O maior desafio, porém, como avalia Rebeca, tem sido integrar as disciplinas e estimular nos estudantes novas formas de enxergar o conhecimento. Abolir, em definitivo, a presença da pergunta que iniciou esta reportagem.

“Precisamos desenvolver melhor a nossa percepção de ensino interdisciplinar: como vamos juntar português, ciências humanas, da natureza e matemática? Como a gente vai desenvolver habilidades nos alunos, trazendo os conteúdos como ponto-chave?”, destaca.

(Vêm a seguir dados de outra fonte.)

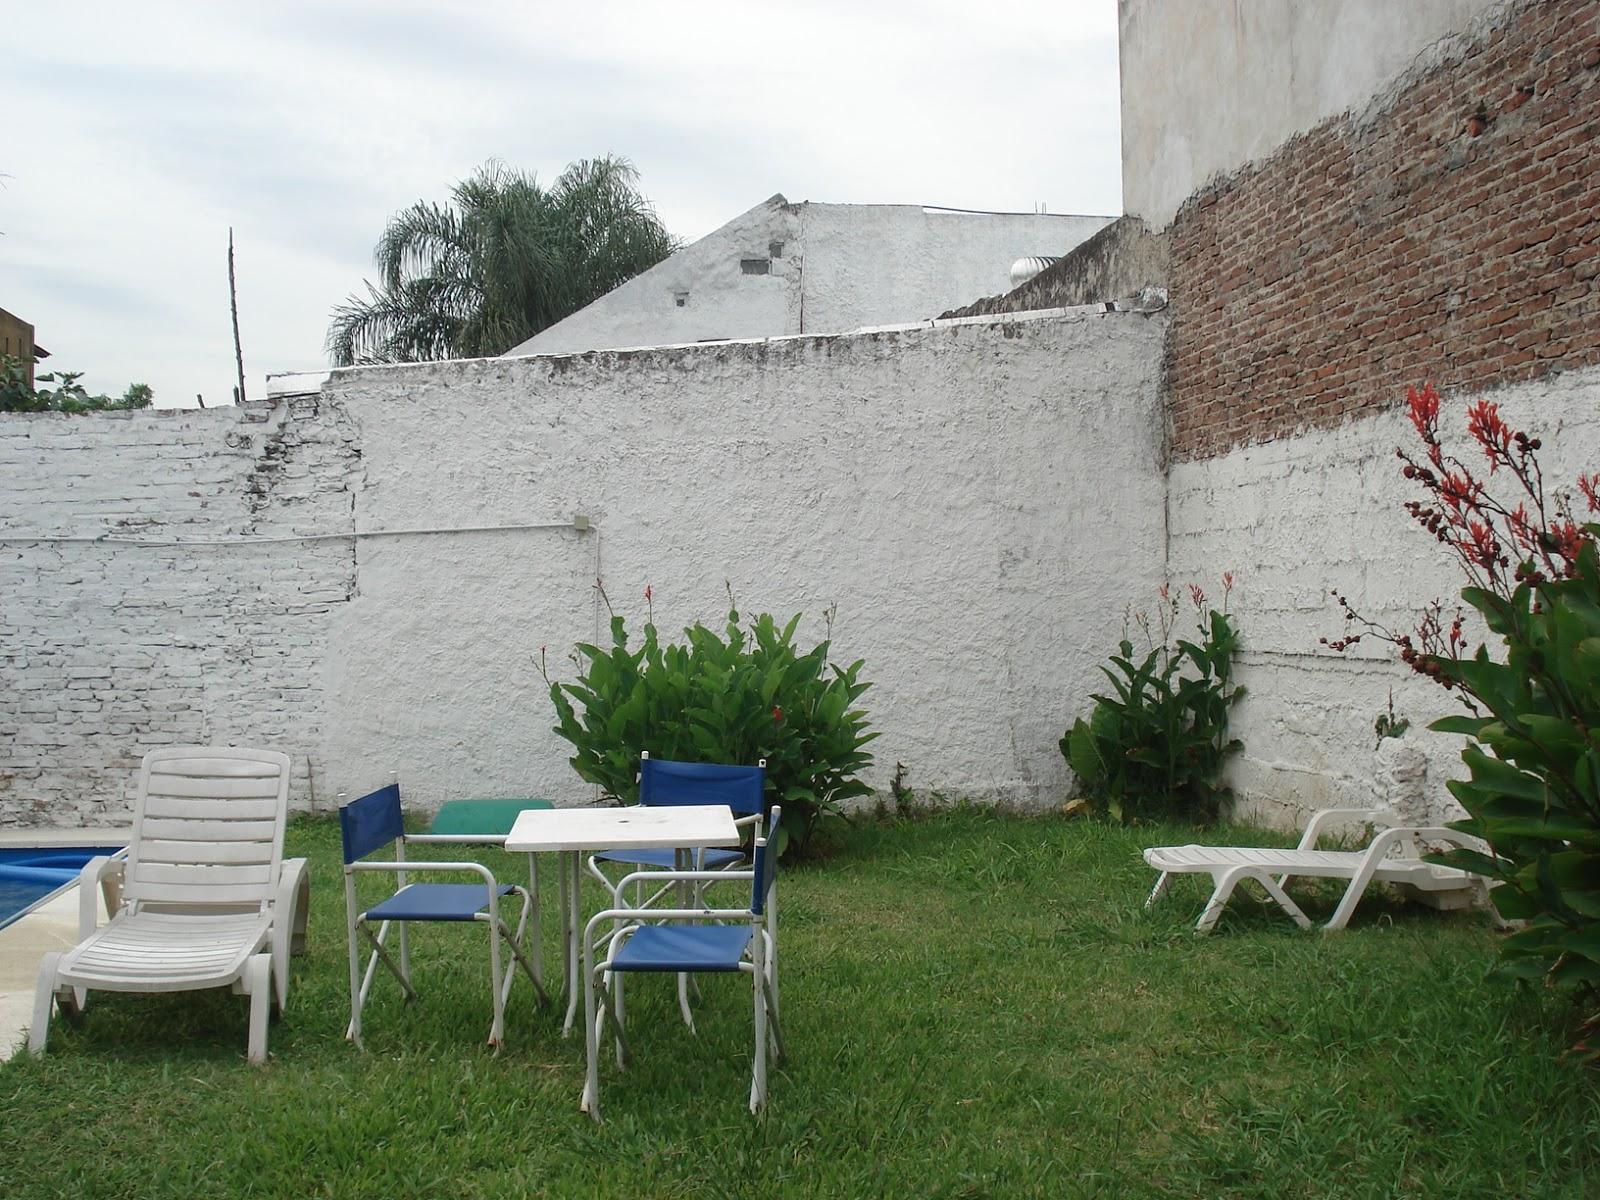 Reverdir jardineria y paisajismo jardin con medianera for Jardineria y paisajismo

O aumento da carga-horária, observa a professora, também é uma questão – sobretudo no pós-pandemia, quando os alunos voltaram à escola “muito mais ansiosos, com dificuldade de concentração e necessidade de trabalhar o socioemocional”.

Quando os meninos entram no 1º ano e começam a estudar de forma integral, passando o dia inteiro, sentem muita dificuldade, principalmente no horário pós-almoço. É uma fase de adaptação a essa rotina.
Rebeca Cavalcante
Professora da rede estadual
 

“Para os alunos, não é novo”

Novo Ensino Médio nas escolas estaduais do Ceará
Legenda: No Ceará, a implementação do Novo Ensino Médio (NEM) ocorrerá de forma gradual
Foto: Thiago Gadelha

Iane Nobre, gestora da Seduc, destaca que a implementação do modelo desafia a escola, já que altera o currículo e exige competências distintas. “A cultura vai mudar com o tempo, os professores vão experimentando. Havia uma rejeição ao modelo, mas depois que entenderam como funciona, percebemos um desejo de conhecer, uma dedicação à mudança.”

A gestora explica que “para os alunos, por outro lado, é apenas o ensino médio, não é ‘novo’, porque eles não sabem como era o anterior. Já tínhamos escola em tempo integral. Só nas escolas regulares, de tempo parcial, é que houve o aumento de 1 hora aula”.

Até 2024, todo estudante cearenses, de rede pública ou privada, deverá ter acesso ao Novo Ensino Médio. Uma parcela, porém, ainda não tem perspectiva de quando será inserida: a Educação de Jovens e Adultos (EJA).

“A EJA tem o desafio da carga horária. No noturno, é inexequível ampliar a carga. Estamos dialogando com o Ministério da Educação pra saber como podemos adaptar, porque a realidade desses estudantes é outra. E queremos trazer essas pessoas pra escola”, sentencia Iane.